Where a picture appears, leave it out, and transcribe all the lines below exactly.

Start of Information shown

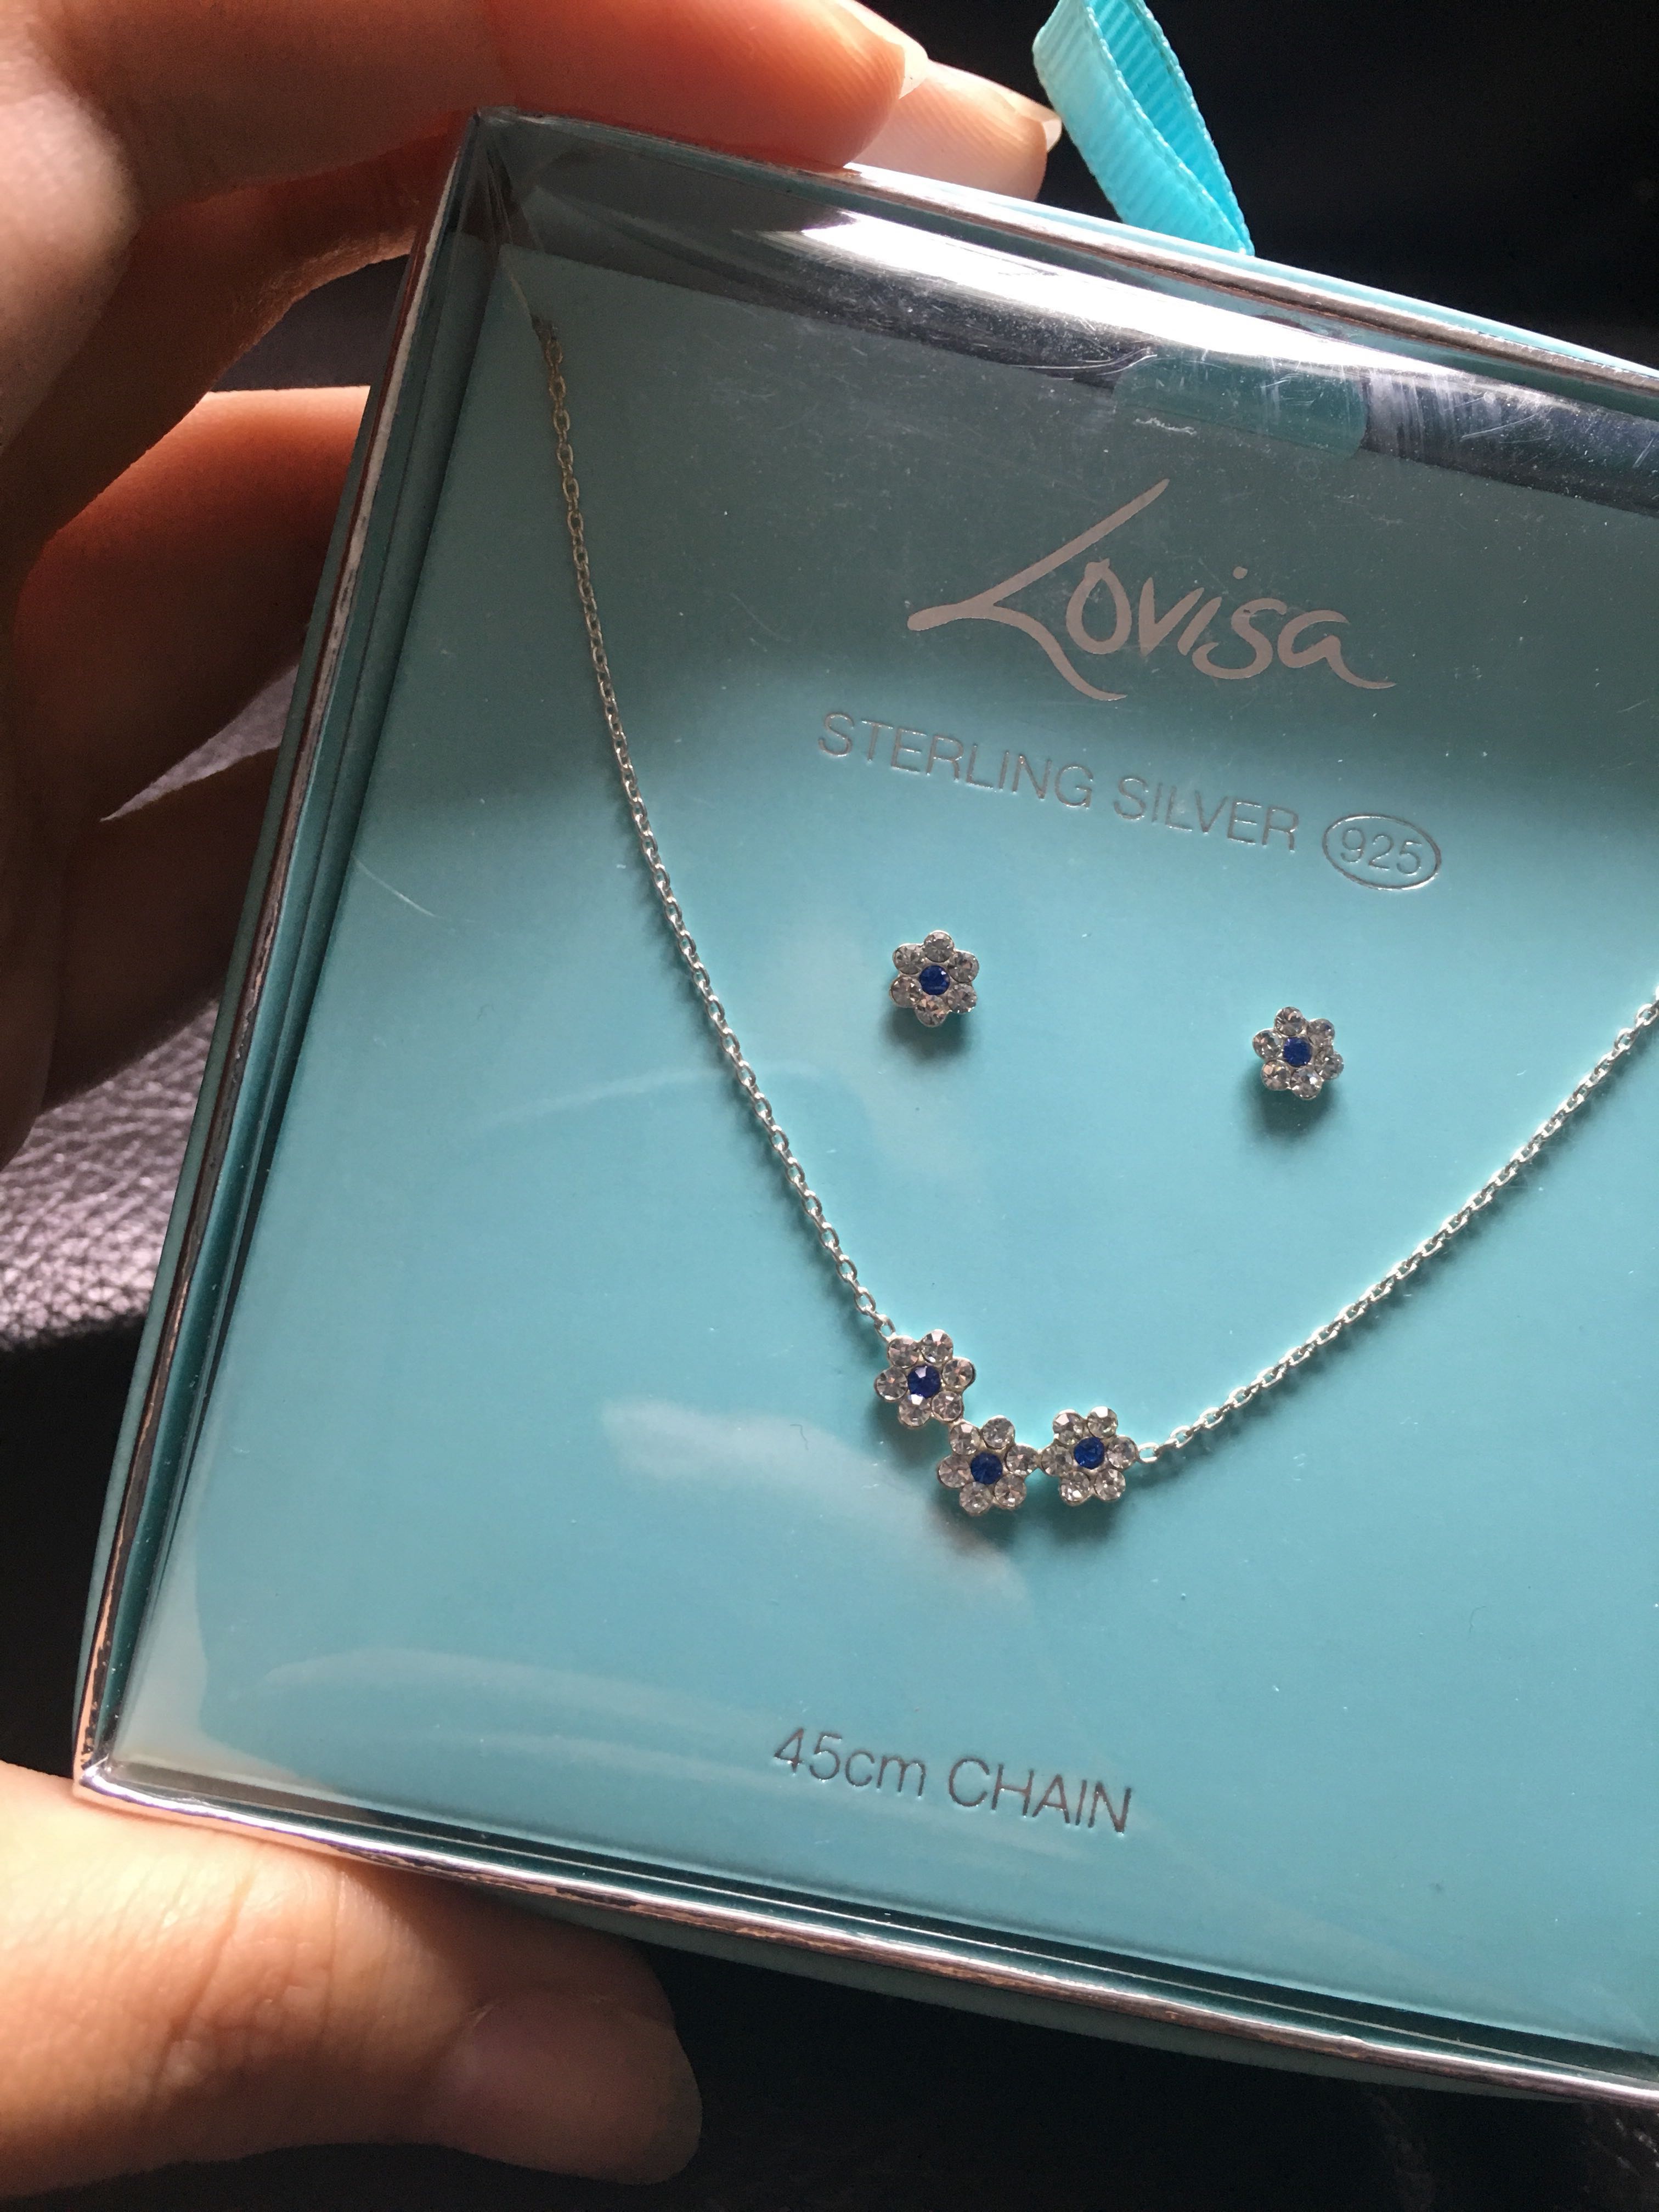 Discover 157+ lovisa crystal necklace best
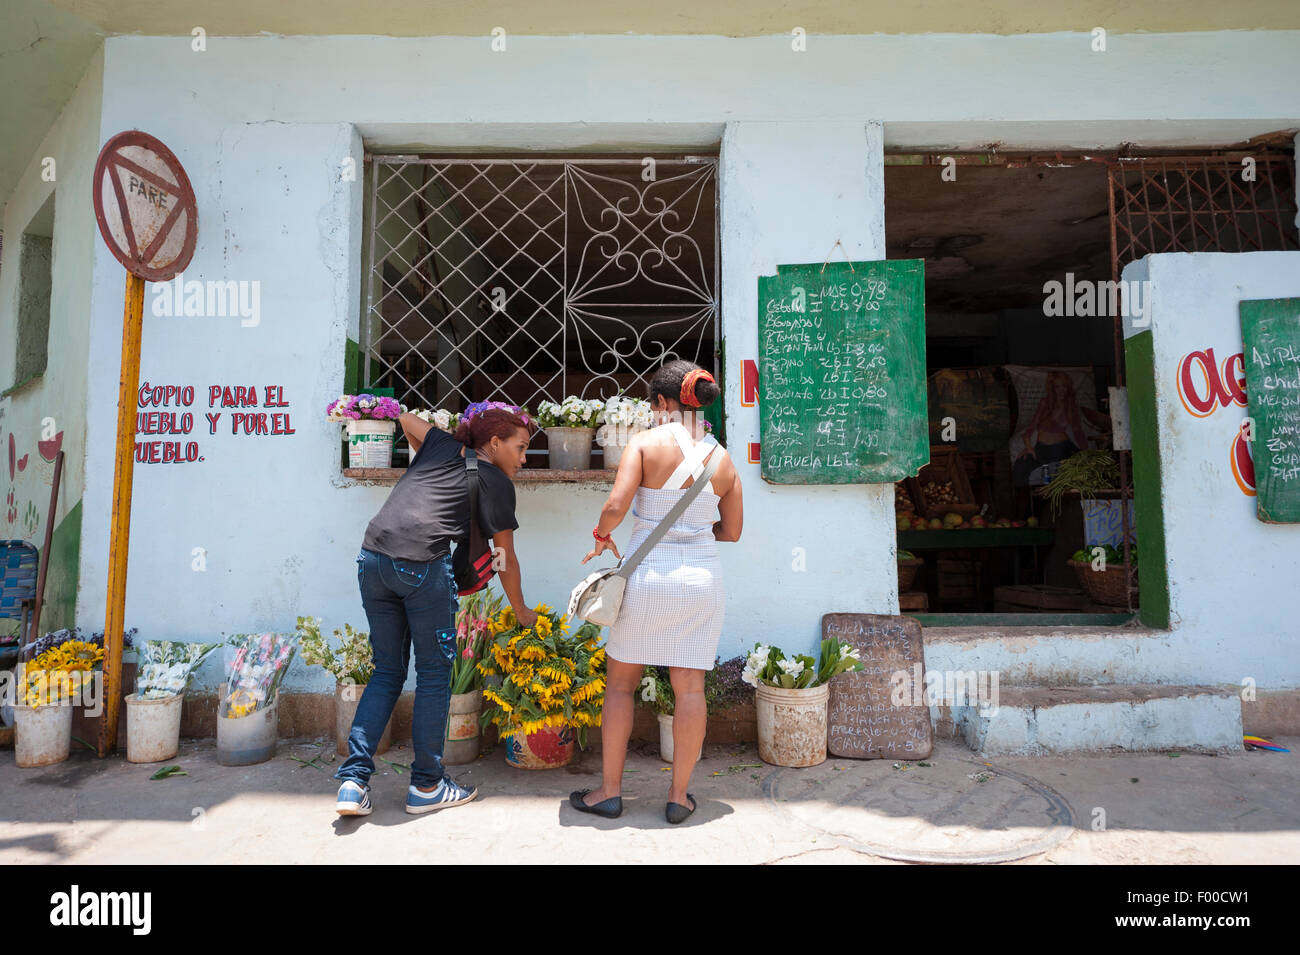 BACURANAO, Kuba - 6. Juni 2011: Kubaner Shop bei einem lokalen Lebensmittelgeschäft am Straßenrand mit Blumen und frische produce.cuba, kubanische, Stockfoto
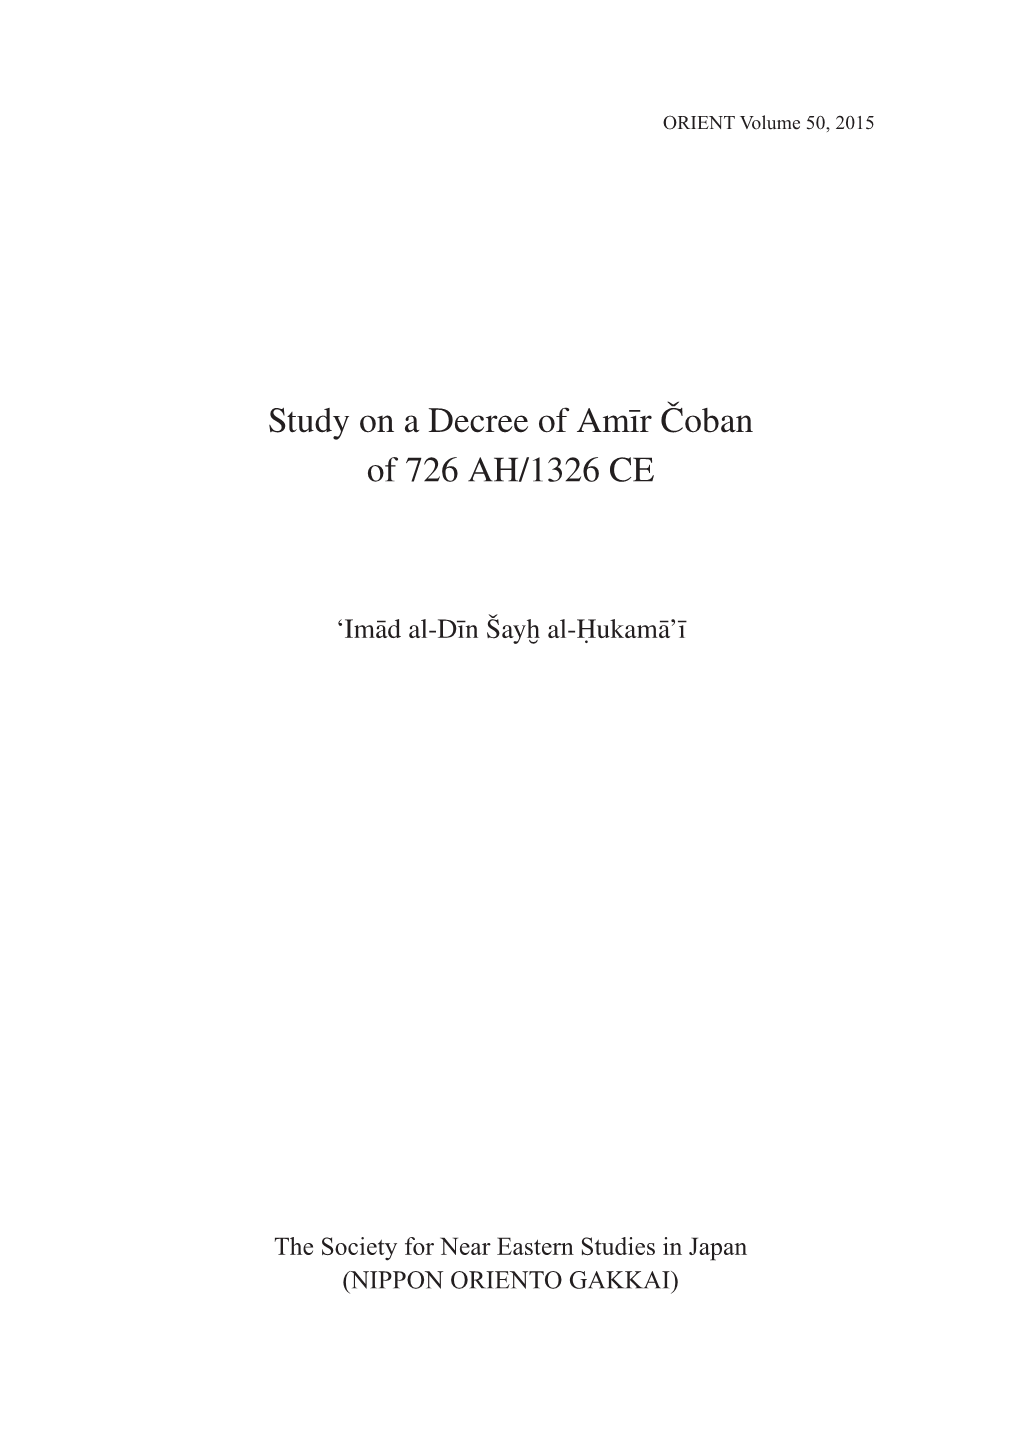 Study on a Decree of Amīr Čoban of 726 AH/1326 CE

End of Information shown

■ **Output of the task**:
 Discover 157+ lovisa crystal necklace best
 BACURANAO, Kuba - 6. Juni 2011: Kubaner Shop bei einem lokalen Lebensmittelgeschäft am Straßenrand mit Blumen und frische produce.cuba, kubanische, Stockfoto
 Study on a Decree of Amīr Čoban of 726 AH/1326 CE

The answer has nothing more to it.